Rearrange array into alternate positive and negative numbers

Given an array containing both positive and negative integers, write code to rearrange the elements so that positive and negative numbers comes alternately. If positive (or negative) integers is not equal in number then extra positive (or negative) numbers should come at the end of array. For example:

Input : {1, 2, -2, -5, 6, 7, -8}
Output: {1, -2, 2, -5, 6, -8, 7}
Input : {-1, 2, 3, -5, -6, -7, -8}
Output: {-1, 2, -5, 3, -6, -7, -8}

Method-1: Using shift and Swap
At each position, keep a note of what is required (whether a +ve number should come at that position or a negative number should come at that position). For each position we will do the following

• Check if the number required at that position is +ve or -ve
• If a +ve number is required at a position and there is already a +ve number (or vice-versa) then there is no problem, and we move forward.
• If a +ve number is required, but the number at that position is -ve then we have to find the first +ve number after that position (move forward till we get a +ve number) and put that number at this position by shifting all the numbers in between forward by one step each.
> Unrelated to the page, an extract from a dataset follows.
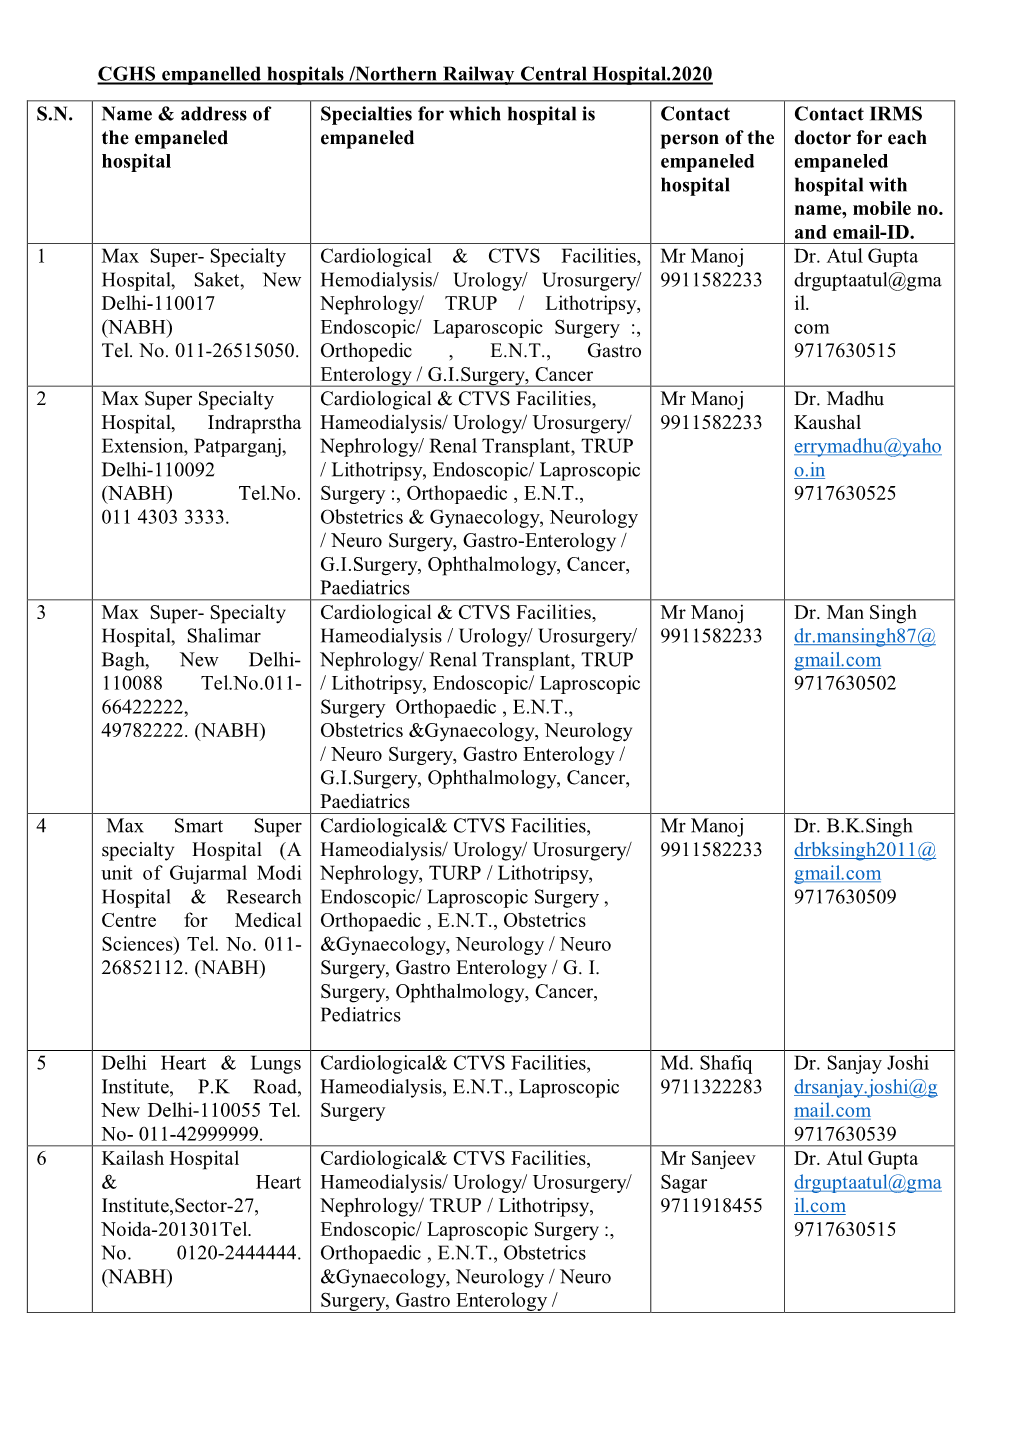 List of CGHS Empanelled Hospitals/Northern Railway Central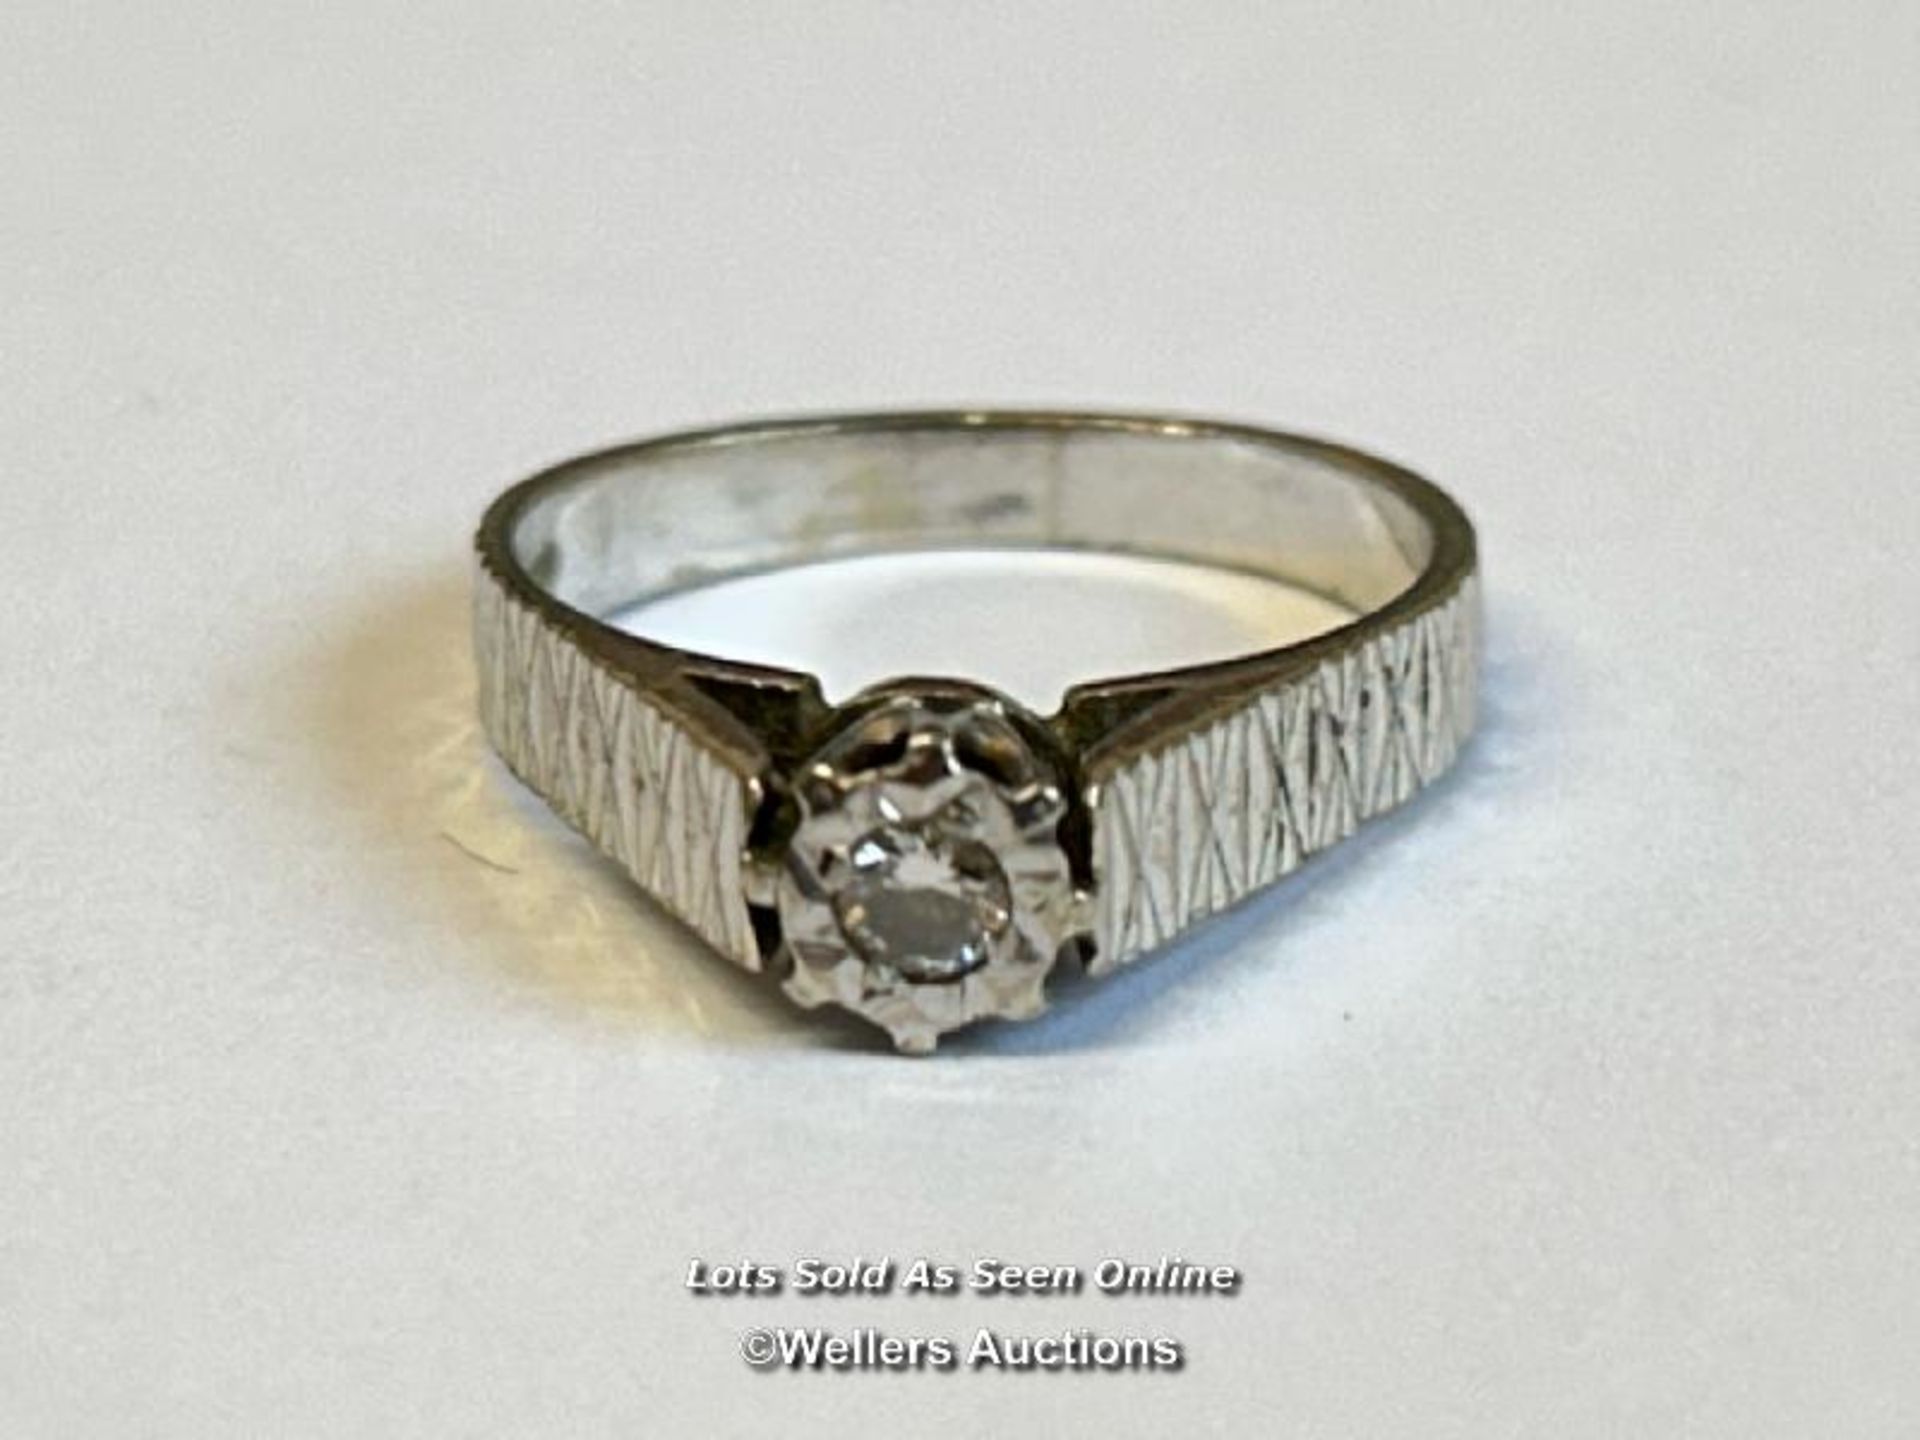 A hallmarked 18ct white gold ring set with a solitaire diamond in an illusion setting with - Image 2 of 6

Below is the code for same

#include <iostream>
using namespace std;
// Shift all elements from 'fromIdx' till 'toIdx-1' one position forward and
// move element at 'toIdx' position at 'fromIdx'
// If array is 1, 2, 3, 4, 5  and fromIdx=1, toIdx=3 then this function will
// change the array to 1, 4, 2, 3, 5.
void shiftAndSwap(int *a, int fromIdx, int toIdx)
{
    int temp = a[toIdx];
    for(int j = toIdx; j > fromIdx; j--) {
        a[j] = a[j-1];
    }
    a[fromIdx] = temp;
}
void arrange(int* a, int n)
{
    if(n<1){ return; }
    // Keep a check of what type of number is expected.
    // If first element is +ve, then the next expected element is negative
    // and vice-versa.
    int positive = false;
    if( a[0] < 0) {
        positive = true;
    }
    int fromIdx = 1;
    for( int i = 1; i < n; i++)
    {
        // If we are expecting +ve and we have -ve number then keep moving forward
        // till we get a +ve number. When we get the first +ve number, we will have to move it
        // to fromIdx and shift all others (all -ve) one step forward.
        if(positive)
        {
            if(a[i] >= 0)
            {
                // If we expected +ve and current no is also +ve
                if(fromIdx != i)
                {
                    shiftAndSwap(a, fromIdx, i);
                    i = fromIdx; // We need to move back because we have skipped all -ve numbers
                }
                positive = false;
                fromIdx = i + 1;
            }
        }
        else
        { // negative
            if(a[i] < 0)
            {
                if( fromIdx != i)
                {
                    shiftAndSwap(a, fromIdx, i);
                    i = fromIdx; // We need to move back because we have skipped all +ve numbers
                }
                positive = true;
                fromIdx = i + 1;
            }
        }
    }
}

The good thing about above code is that it maintains the order in which element are present in the original array.

But it is an O(n²) time algorithm.

Method-2: Using Partition Logic

In this method we first separate the positive and negative numbers (by bringing all positive numbers on one side of the array and all negative numbers on another side). It can be thought of as partitioning in QuickSort algorithm with pivot=0.

Once all the negative numbers are brought at the start of the array, start from the first negative number and first positive number, and swap every alternate negative number with next positive number.

Code:

/** Put positive elements at even position and negative elements at odd positions
 */
void arrange(int *arr, int n)
{
    // Partition logic of QuickSort.
    // Bring all -ve number at start.
    int low = 0, high = n-1;
    while(low<high)
    {
        while(arr[low] < 0) low++;
        while(arr[high] > 0) high--;
        if(low<high)
            swap(arr, low, high);
    }
    // At this point low will be pointint to the first positive number in the array.
    // If there are no jpositive numbers in array, then low will be out of bond
    if(low>=n)
       return;
    // First indexes of positive and negative numbers will be as below
    int positive = low, negative = 0;
    // swap every alternate negative number with next positive number
    while (positive < n && negative < positive && arr[negative] < 0)
    {
        swap(arr, positive, negative);
        positive++;
        negative += 2;
    }
}

This is O(n) time, Constant extra space algorithm. But it will not maintain the order of positive and negative numbers in the original list.